Bezos: A Day in the Life of the Hyperfocused 🔍

[5:00 am] Jeff Bezos starts his day by "puttering," which is billionaire talk for doing whatever the f**k you want to do. He sips on artisanal coffee, casually reads, and nibbles on avocado toast.

Bezos tells Lex Fridman: “I slowly move around. I’m not as productive as you might think. I believe in wandering.”

[7:00 am] Next up, Bezos hits the gym. Most days, he spends 30 minutes on cardio and 45 minutes on weight training with a trainer. When you're worth more than the GDP of a small country, you can afford to have someone yell at you to do one more rep.

[10:00 am] Then, it's time for the main event: work. At this time, he has what he calls a "High IQ Meeting." I'm picturing a bunch of geniuses sitting around a table, solving the world's problems while sipping on kombucha.

Bezos has a philosophy when it comes to meetings: "As a senior executive, you get paid to make a small number of high-quality decisions." In other words, he's not wasting his time on bullshit. He wants to get in, make some big moves, and get out — and he expects participants to act the same way. 

Now, let's talk about the infamous 6-page memo. Bezos says, "My perfect meeting starts with a crisp document. I like a crisp document and a messy meeting."

At Amazon and Blue Origin, meetings start with a 6-page memo that everyone reads silently for 30 minutes. This avoids a lot of time-wasters, like…

  • Asking dumbass questions mid-deck (that would later be answered),

  • Common groupthink that comes from too little info,

  • Trampling ideas because everyone is trying to speak at once,

  • And not having to slowly tease out ideas as they’re all written down.

Bezos says, "Now we can have an elevated discussion. Slide shows are designed to persuade. It's a sales tool. That's the last thing you want to do. [Meetings] are truth-seeking." 

Writing a good memo is like trying to solve a Rubik's Cube blindfolded. Bezos says, "A good 6-page memo might take two weeks to write." He says, "You can slide a lot of sloppy thinking in bullet points. When you write in narrative sentences with complete structure, it's hard to hide sloppy thinking. It forces the author to be at their best."

[5:00 pm] Bezos has a strict "no meetings after 5 pm" rule (again, a leader’s job is to make a few powerful decisions, not make thousands of choices).

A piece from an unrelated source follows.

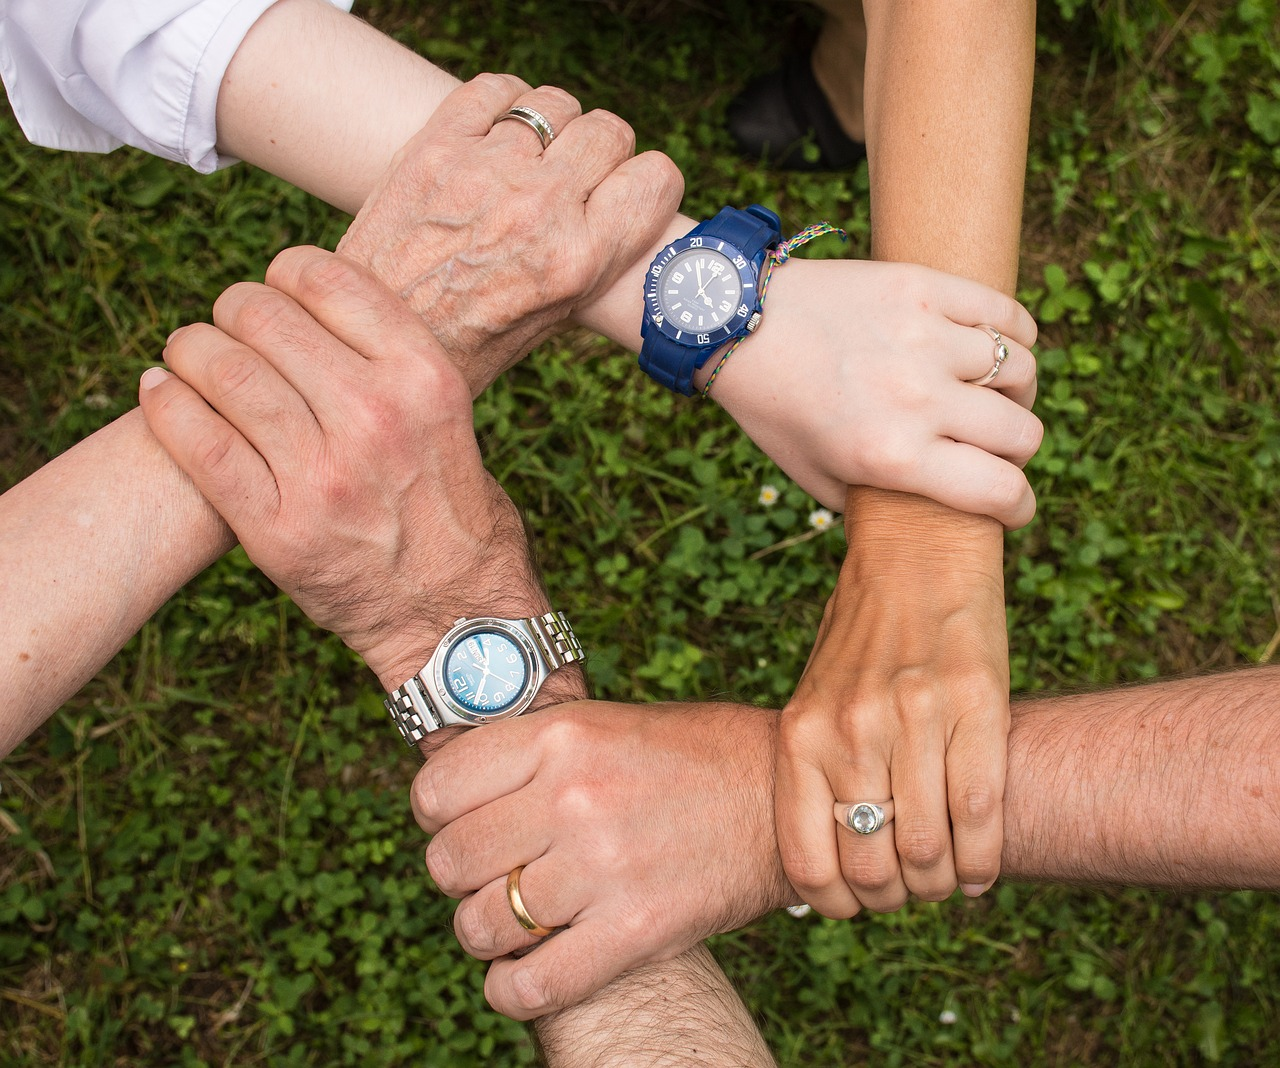 Pocos amigos, pero cercanos, la clave del bienestar para los adultos mayores en las redes sociales

Jeff Bezos' daily routine is a wild ride full of puttering, high IQ meetings, and 6-page memos. It's like a Silicon Valley version of 50 Shades of Grey, except instead of kinky sex, it's all about world domination.

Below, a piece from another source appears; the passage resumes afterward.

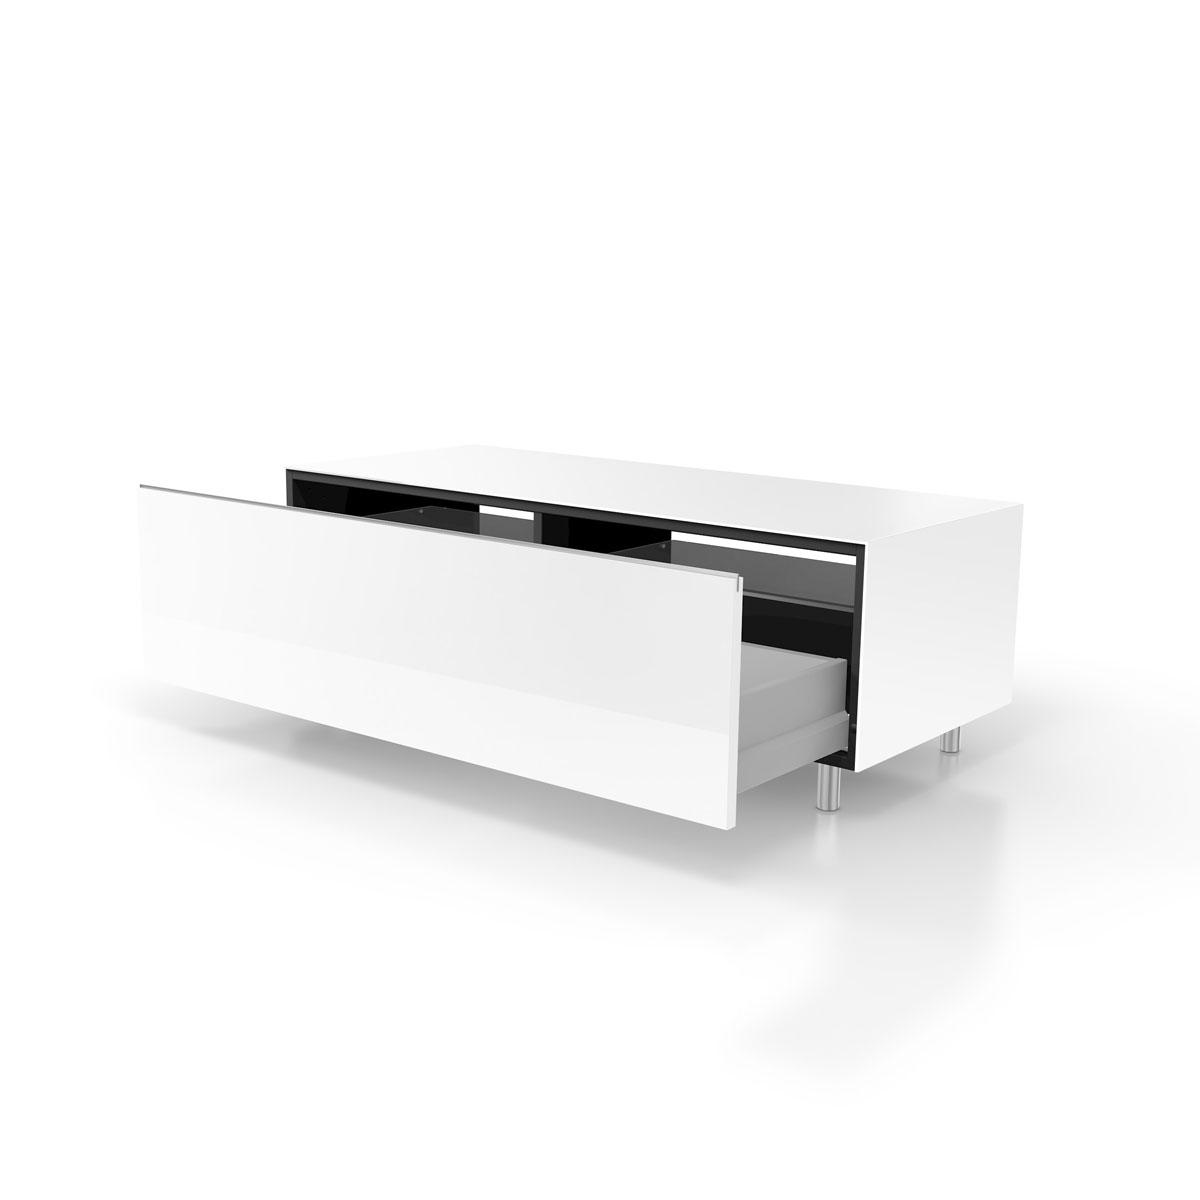 Verglaster TV Schrank. Mit Schublade. Mit Einlegeböden. Modell JRL 1100S von Just Racks.

Key takeaway: Embrace the focus, ditch the bullshit, and you just might become the next overlord of e-commerce.

INSIGHT

The Power of No: Amazon's Selective Focus 🎯

"Extraordinary results are directly determined by how narrow you can make your focus."

- Gary Keller, Entrepreneur

The founder of Amazon focuses on a small number of high-quality decisions, tackles complex problems with a curated group of experts, starts meetings with a well-crafted memo, and focuses on truth-seeking meetings.

Here are a few more ways Amazon narrows its focus:

  • The "two-pizza team" rule: Teams should be small enough to feed with two pizzas. Be nimble, focused, and able to move quickly.

  • The door desk: This was a way of saying no to expensive furniture and focusing resources on what mattered most: building the business.

  • The memo rule: At Amazon, major decisions are often made through the use of written memos rather than PowerPoint presentations.

  • No to "yes men": Bezos believes that the best ideas come from healthy debate, not from everyone agreeing with the boss.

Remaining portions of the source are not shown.